Summative assessments are intended for students to demonstrate their knowledge, and generate official scores. They are typically offered after students have demonstrated mastery on formatives (or instructional time expires). They are often combined with redos and corrections to reduce the high-stakes nature of summative assessment.
As a result of these principles, many educators don’t enter formative scores into their standards-based gradebook. Why not? In most gradebook software, all scores are combined into standards-based scores, which are posted on the student/parent portal. This doesn’t provide a safe environment for practice. To inform instruction, teachers often keep their formative results in separate software (Google Sheets or a database program) and perform analysis there.
Most educators want to keep all data in one system only. We redesigned TeacherEase to better hold formative data, allowing analysis by teachers, while not showing it to students and parents. Here’s how it works:
Each assignment can be marked as “formative” (or summative).
Formative scores are not calculated into standards-based scores.
Formative assessments aren’t shown on the student/parent portal.
Teacher analytics can use summative scores only or include formatives.
These settings are the defaults, and can be configured for individual customer needs.
With these new features, the standards-based gradebook grows into a full data analysis tool. It can hold ALL of your standards-based performance data and generate powerful analysis that informs instruction.
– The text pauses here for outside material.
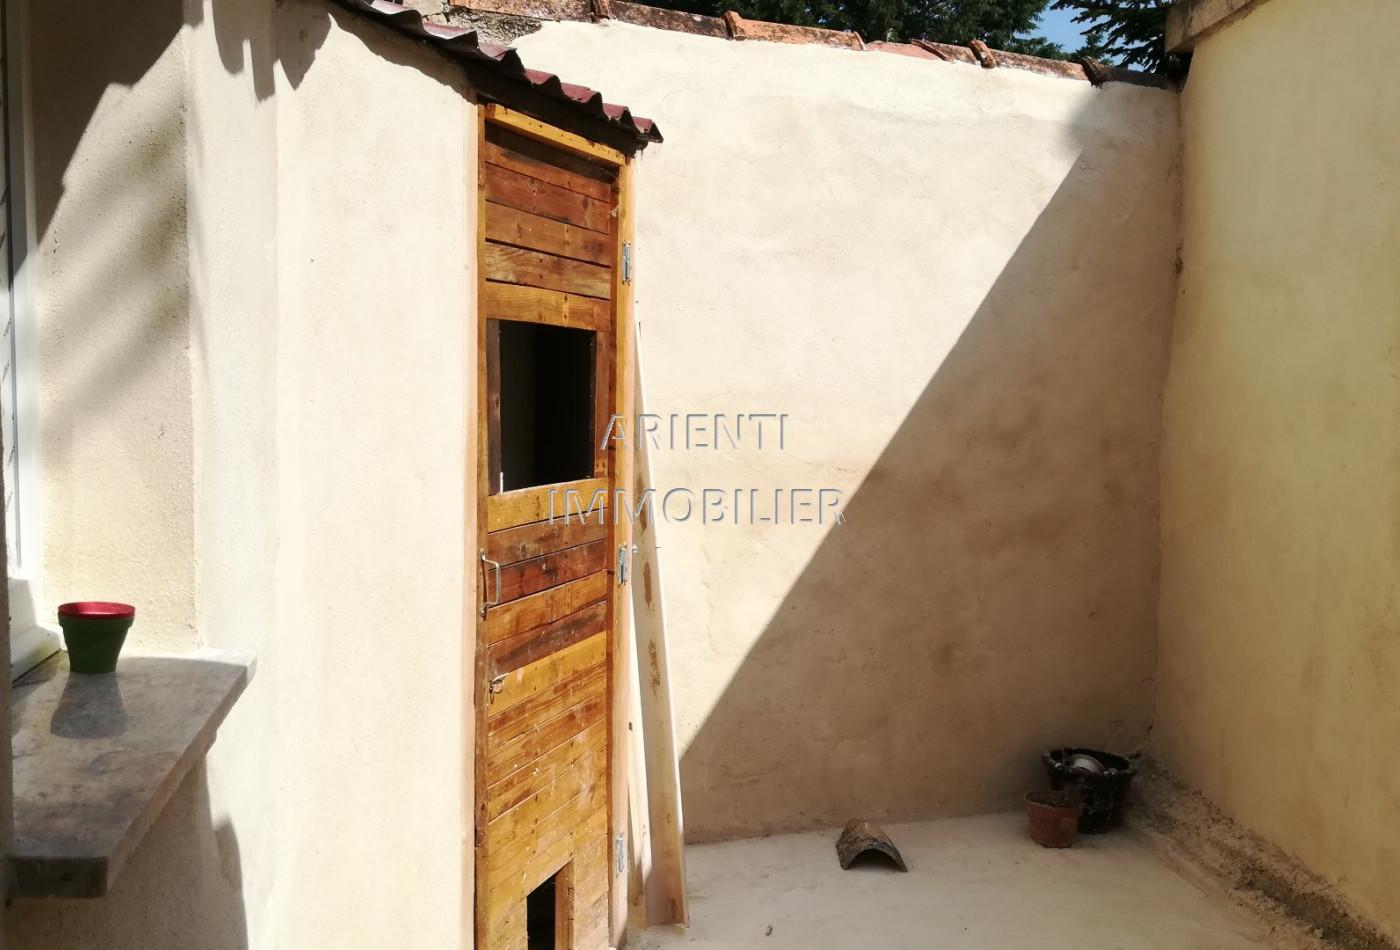 A vendre  Valreas | Réf 260013158 - Office immobilier arienti

When combined with our “Longitudinal Data Analytics” module, it can also hold benchmark test results.
Here’s how it works. First each assignment can be marked as “Formative.”
Instructor Main > Standards-based Scores > Create Assignment
For easy visual identification, formatives are shown in a lighter color in the standards-based gradebook.
Instructor Main > Standards-based Scores > Create Assignment
Teachers can analyze formative data while keeping it hidden from students and parents. It’s easy to show/hide formative assessments, and temporarily include them into score calculation to gain insight into student learning. This is especially useful if no summative scores exist.
All analysis tools have the option of including or excluding formative assessment scores from calculations. This gives teachers maximum flexibility.
Instructor Main > Reports > Standards-based Score Analysis
There’s an option of showing or hiding formatives on student/parent portal. This is in addition to existing controls for hiding individual assignments.